Signals aren't delivered in non-ptrace syscall entry/leave so, we also
need to handle pending signal by ourselves.
Signed-off-by: Hajime Tazaki <thehajime at gmail.com>
Signed-off-by: Ricardo Koller <ricarkol at google.com>
---
arch/um/os-Linux/process.c | 6 ++++
arch/x86/um/Makefile | 3 +-
arch/x86/um/nommu/Makefile | 2 +-
arch/x86/um/nommu/do_syscall_64.c | 26 +++++++++++++++
arch/x86/um/nommu/entry_64.S | 24 ++++++++++++++
arch/x86/um/nommu/process.c | 35 ++++++++++++++++++++
arch/x86/um/nommu/syscalls_64.c | 44 +++++++++++++++++++++++++
arch/x86/um/shared/sysdep/syscalls_64.h | 1 +
8 files changed, 139 insertions(+), 2 deletions(-)

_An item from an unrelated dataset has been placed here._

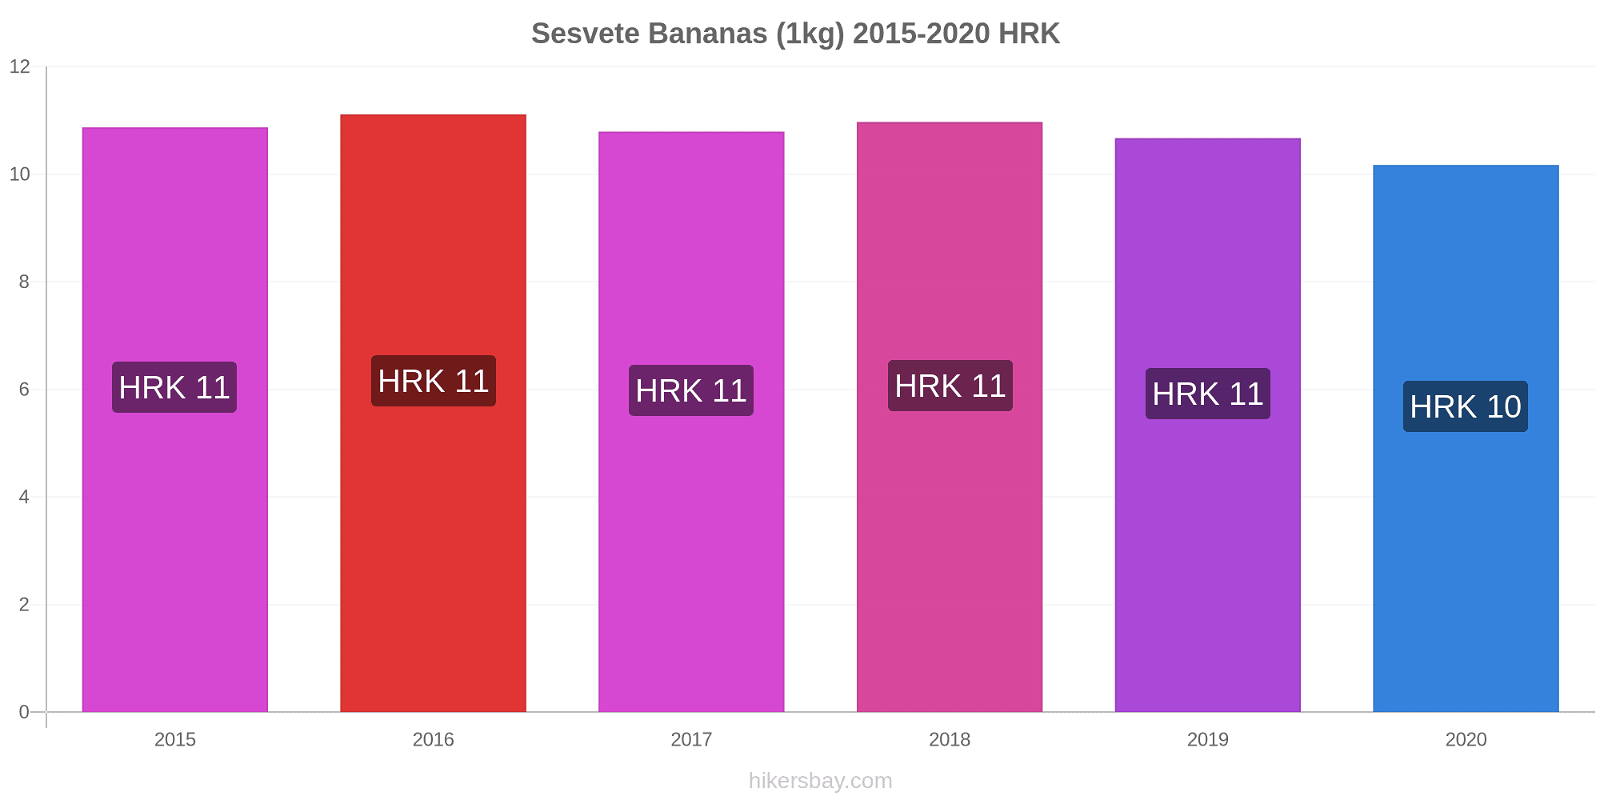 Sesvete variação de preço Banana (1kg) hikersbay.com
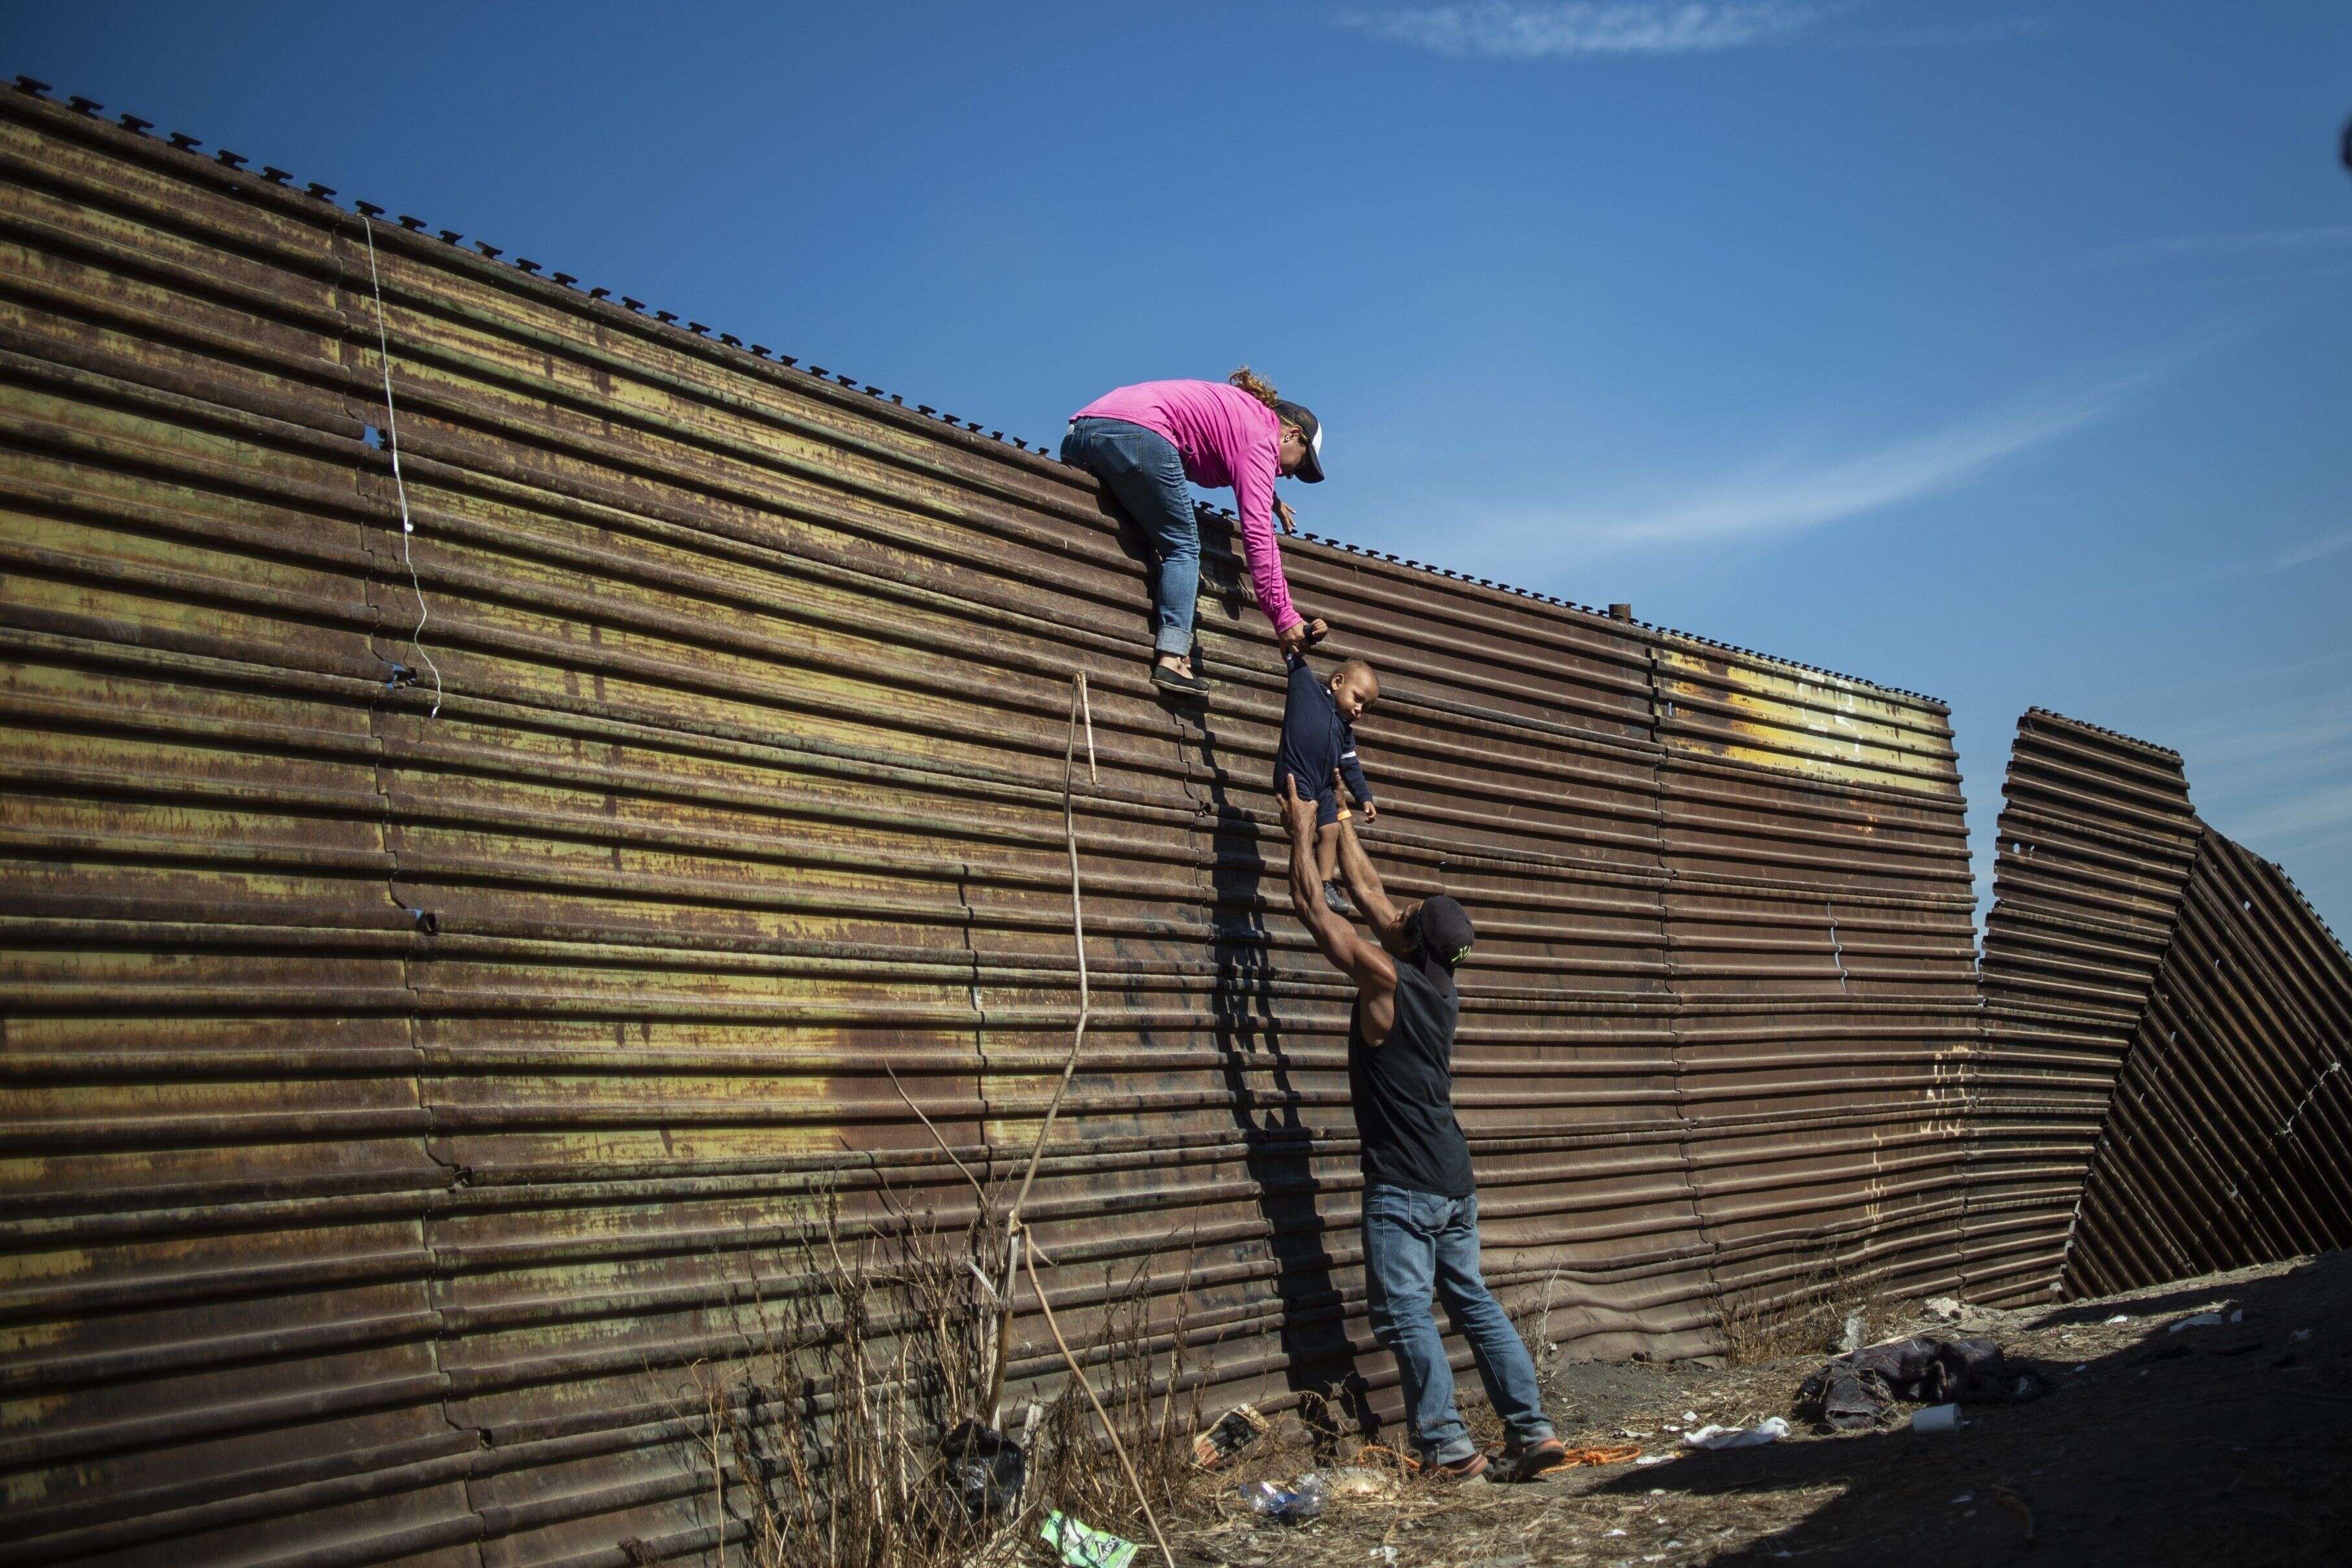 25 novembre - Des migrants d'Amérique centrale escaladent un mur près du passage frontalier d'El Chaparral, à Tijuana au Mexique.

create mode 100644 arch/x86/um/nommu/process.c
create mode 100644 arch/x86/um/nommu/syscalls_64.c
diff --git a/arch/um/os-Linux/process.c b/arch/um/os-Linux/process.c
index e2dc00fc84c0..49aa8e92205e 100644
--- a/arch/um/os-Linux/process.c
+++ b/arch/um/os-Linux/process.c
@@ -28,6 +28,9 @@ int unscheduled_userspace_iterations;
void os_alarm_process(int pid)
{
+ if (pid <= 0)
+ return;
+
kill(pid, SIGALRM);
}
@@ -45,6 +48,9 @@ void os_kill_process(int pid, int reap_child)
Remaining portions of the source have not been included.